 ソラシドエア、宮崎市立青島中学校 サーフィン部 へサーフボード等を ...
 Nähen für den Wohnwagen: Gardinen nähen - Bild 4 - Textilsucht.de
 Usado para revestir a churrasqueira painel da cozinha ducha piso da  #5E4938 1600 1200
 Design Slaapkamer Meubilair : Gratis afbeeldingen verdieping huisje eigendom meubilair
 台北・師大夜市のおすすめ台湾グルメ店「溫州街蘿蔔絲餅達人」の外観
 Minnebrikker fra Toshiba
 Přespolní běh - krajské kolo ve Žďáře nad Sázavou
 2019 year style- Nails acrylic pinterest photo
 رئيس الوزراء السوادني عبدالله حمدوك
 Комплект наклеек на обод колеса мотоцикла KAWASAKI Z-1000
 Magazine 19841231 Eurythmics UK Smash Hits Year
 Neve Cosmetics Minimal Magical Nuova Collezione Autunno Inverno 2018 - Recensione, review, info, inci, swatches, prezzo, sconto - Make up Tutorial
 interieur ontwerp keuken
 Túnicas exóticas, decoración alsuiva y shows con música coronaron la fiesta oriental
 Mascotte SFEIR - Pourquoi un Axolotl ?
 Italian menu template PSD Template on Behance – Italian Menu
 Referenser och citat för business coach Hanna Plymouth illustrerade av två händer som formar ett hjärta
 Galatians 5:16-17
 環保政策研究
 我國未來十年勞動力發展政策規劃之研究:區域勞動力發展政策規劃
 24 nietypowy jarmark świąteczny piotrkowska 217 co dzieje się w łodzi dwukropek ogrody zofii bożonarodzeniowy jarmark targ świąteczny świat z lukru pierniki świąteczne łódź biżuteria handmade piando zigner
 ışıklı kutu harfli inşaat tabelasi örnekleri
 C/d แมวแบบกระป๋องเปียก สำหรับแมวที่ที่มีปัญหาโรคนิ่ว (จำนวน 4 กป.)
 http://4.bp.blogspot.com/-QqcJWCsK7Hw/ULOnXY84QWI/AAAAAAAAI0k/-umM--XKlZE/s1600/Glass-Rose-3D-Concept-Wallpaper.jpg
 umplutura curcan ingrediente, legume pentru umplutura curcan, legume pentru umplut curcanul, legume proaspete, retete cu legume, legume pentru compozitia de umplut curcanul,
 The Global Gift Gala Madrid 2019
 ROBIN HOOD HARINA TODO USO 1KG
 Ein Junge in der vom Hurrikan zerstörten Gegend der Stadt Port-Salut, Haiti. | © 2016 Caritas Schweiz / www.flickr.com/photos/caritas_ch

WHAT YOU NEED TO DO:
Give back the lines of the data exactly as they are written, from the first line through the line containing "Italian menu template".

SOLVED EXERCISE:
 ソラシドエア、宮崎市立青島中学校 サーフィン部 へサーフボード等を ...
 Nähen für den Wohnwagen: Gardinen nähen - Bild 4 - Textilsucht.de
 Usado para revestir a churrasqueira painel da cozinha ducha piso da  #5E4938 1600 1200
 Design Slaapkamer Meubilair : Gratis afbeeldingen verdieping huisje eigendom meubilair
 台北・師大夜市のおすすめ台湾グルメ店「溫州街蘿蔔絲餅達人」の外観
 Minnebrikker fra Toshiba
 Přespolní běh - krajské kolo ve Žďáře nad Sázavou
 2019 year style- Nails acrylic pinterest photo
 رئيس الوزراء السوادني عبدالله حمدوك
 Комплект наклеек на обод колеса мотоцикла KAWASAKI Z-1000
 Magazine 19841231 Eurythmics UK Smash Hits Year
 Neve Cosmetics Minimal Magical Nuova Collezione Autunno Inverno 2018 - Recensione, review, info, inci, swatches, prezzo, sconto - Make up Tutorial
 interieur ontwerp keuken
 Túnicas exóticas, decoración alsuiva y shows con música coronaron la fiesta oriental
 Mascotte SFEIR - Pourquoi un Axolotl ?
 Italian menu template PSD Template on Behance – Italian Menu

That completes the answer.